Segment Start: GIVEN DATA

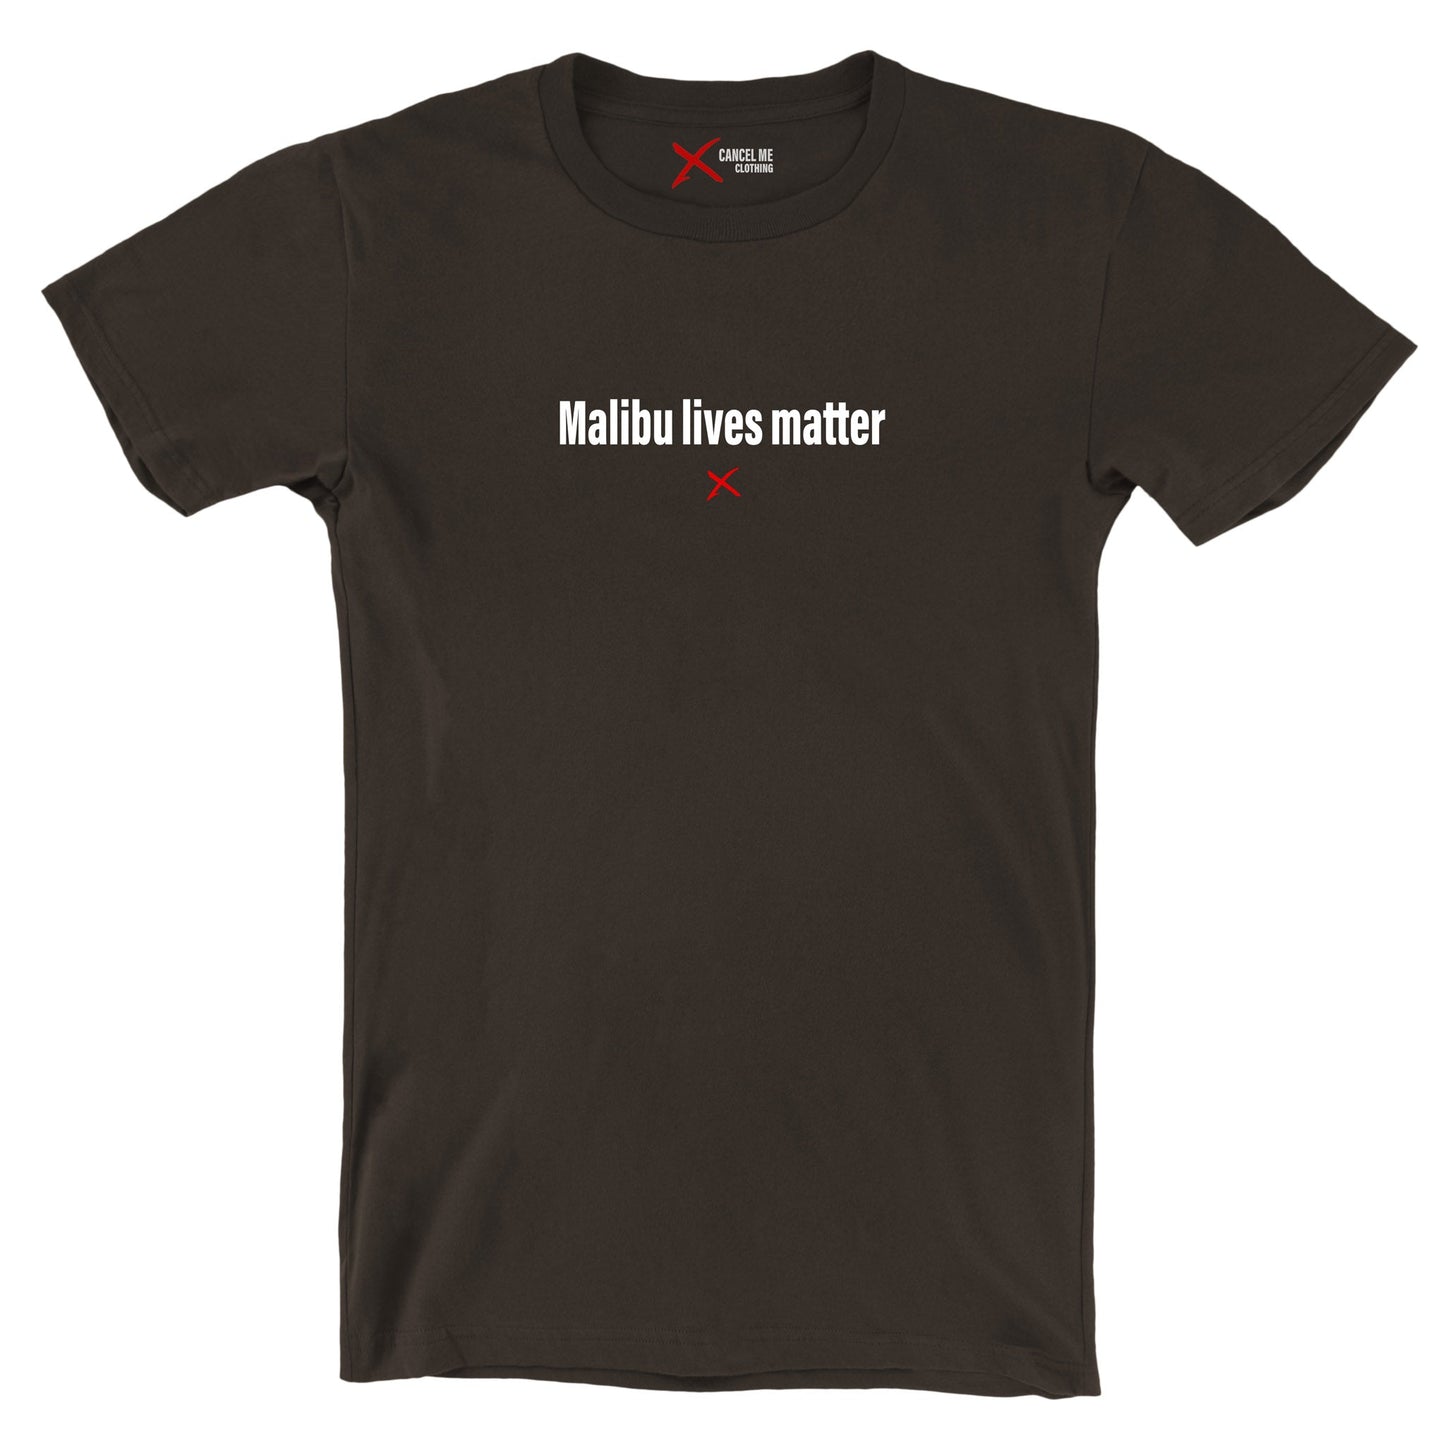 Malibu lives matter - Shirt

Segment End: GIVEN DATA
Segment Start: GIVEN DATA

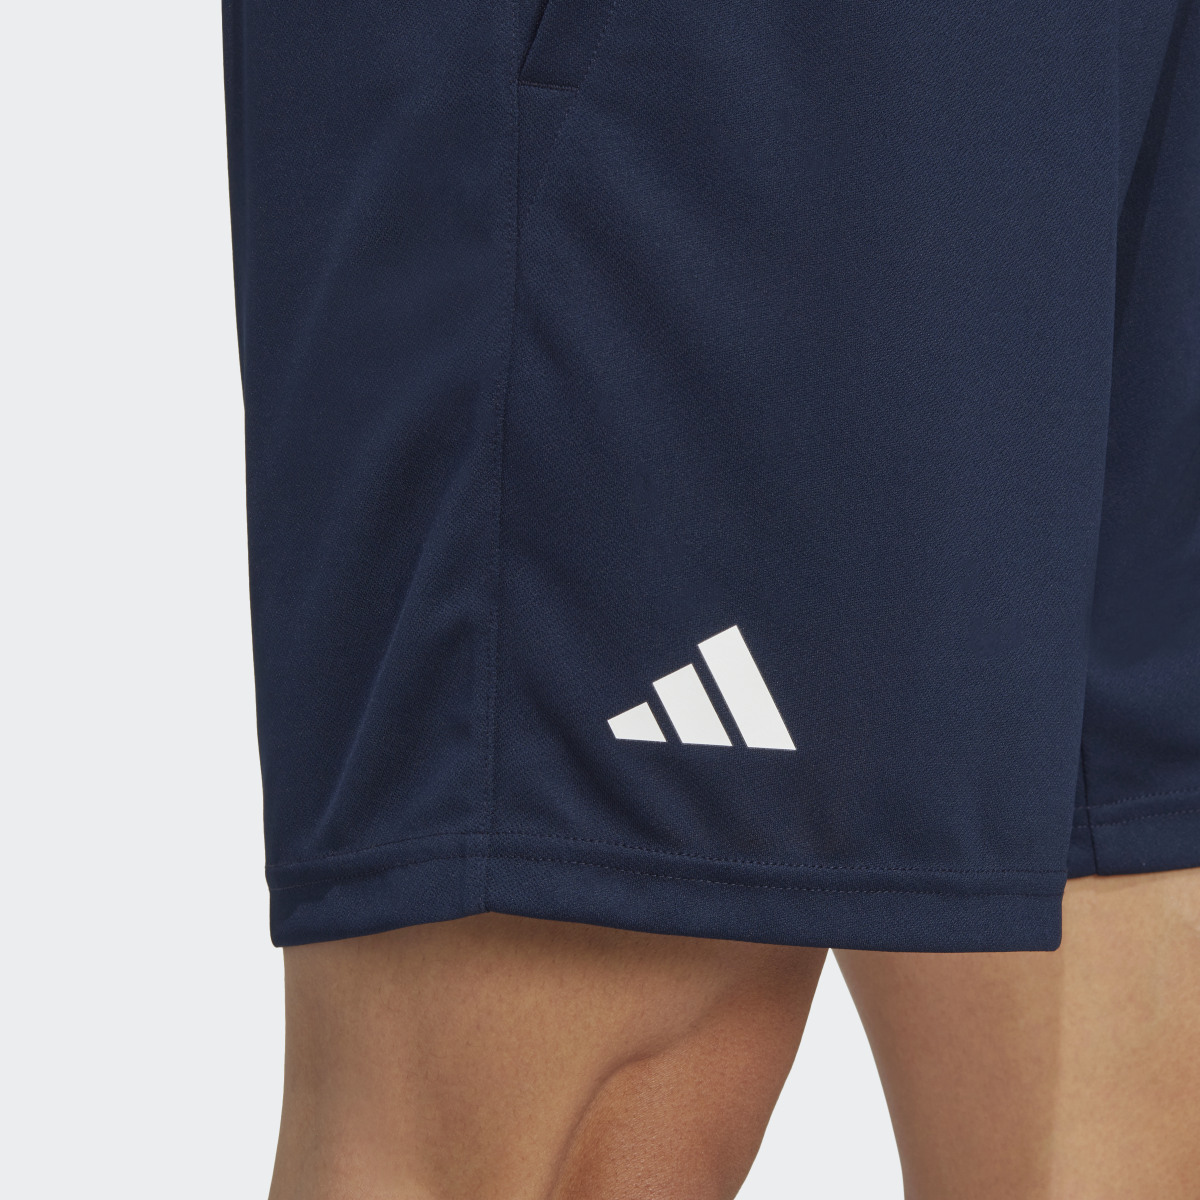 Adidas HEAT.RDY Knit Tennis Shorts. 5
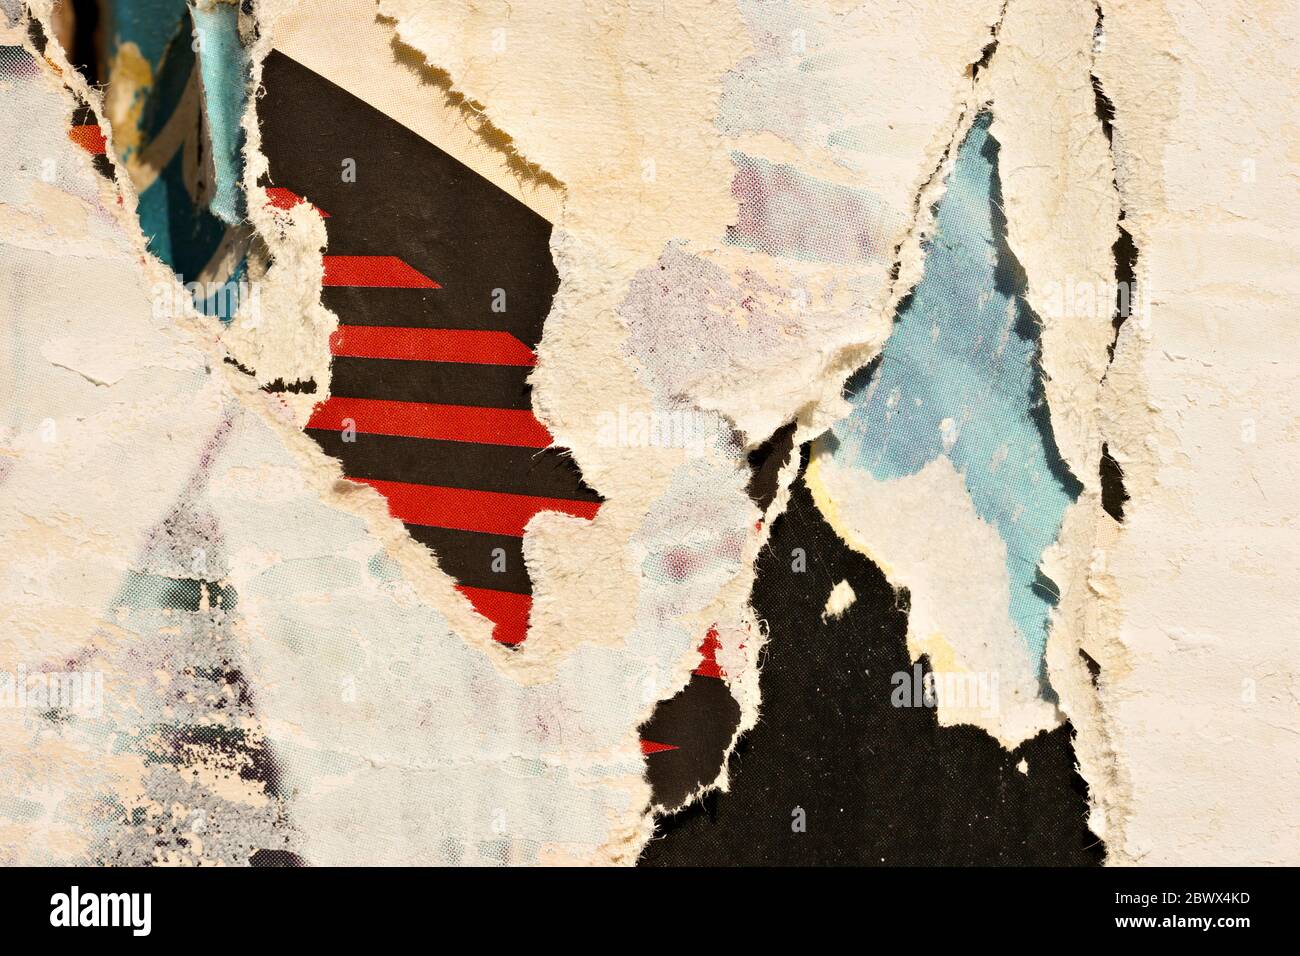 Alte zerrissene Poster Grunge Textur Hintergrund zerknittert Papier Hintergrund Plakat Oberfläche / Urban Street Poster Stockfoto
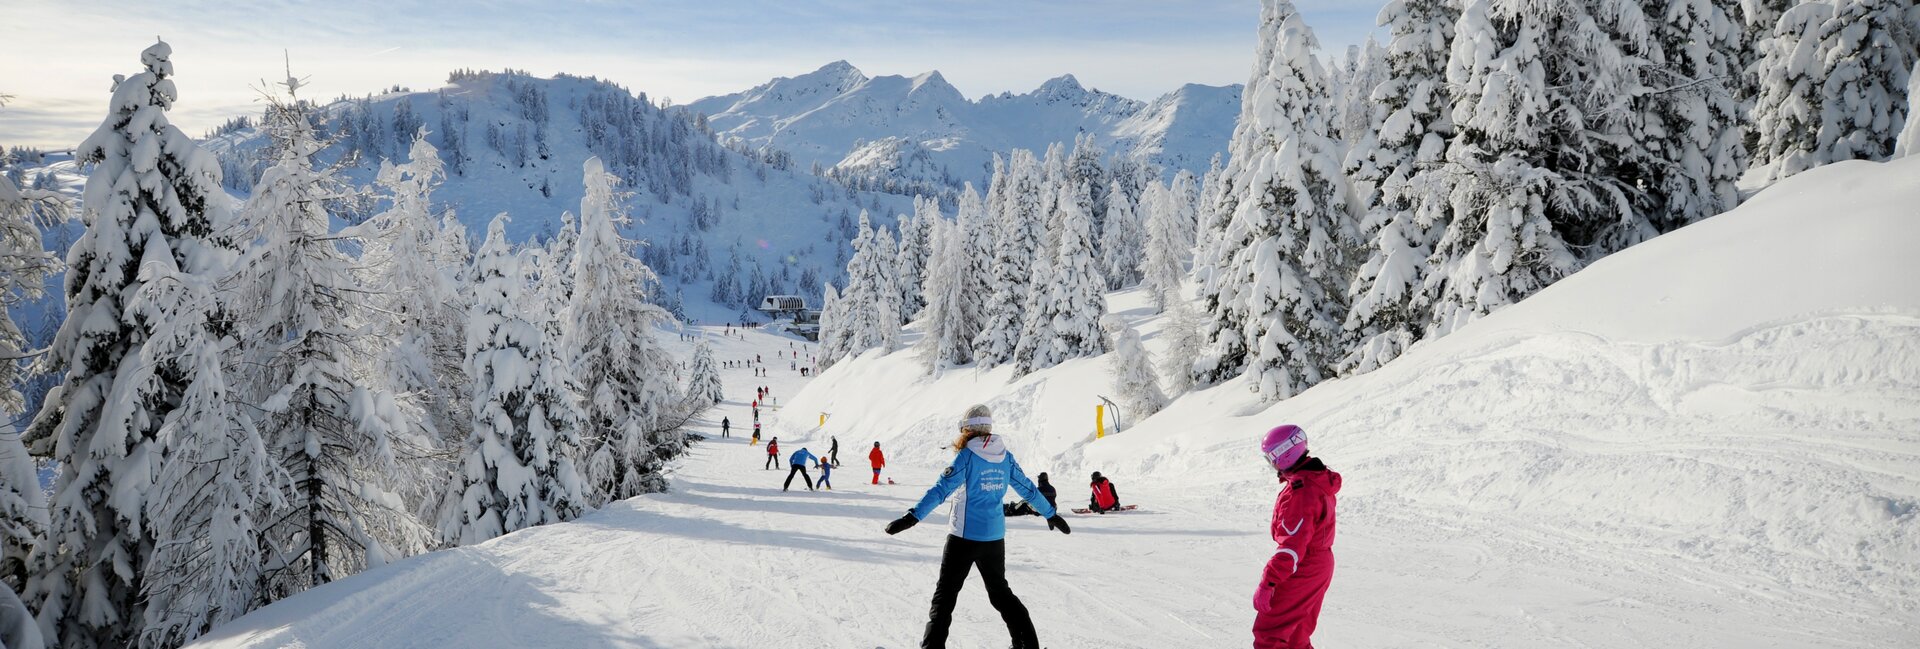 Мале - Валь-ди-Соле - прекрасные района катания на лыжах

Segment End: GIVEN DATA

Without the pictures, give again exactly the lines above starting at the line containing "Alte zerrissene Poster" and ending at the line containing "Мале - Валь-ди-Соле".

 Alte zerrissene Poster Grunge Textur Hintergrund zerknittert Papier Hintergrund Plakat Oberfläche / Urban Street Poster Stockfoto
 Мале - Валь-ди-Соле - прекрасные района катания на лыжах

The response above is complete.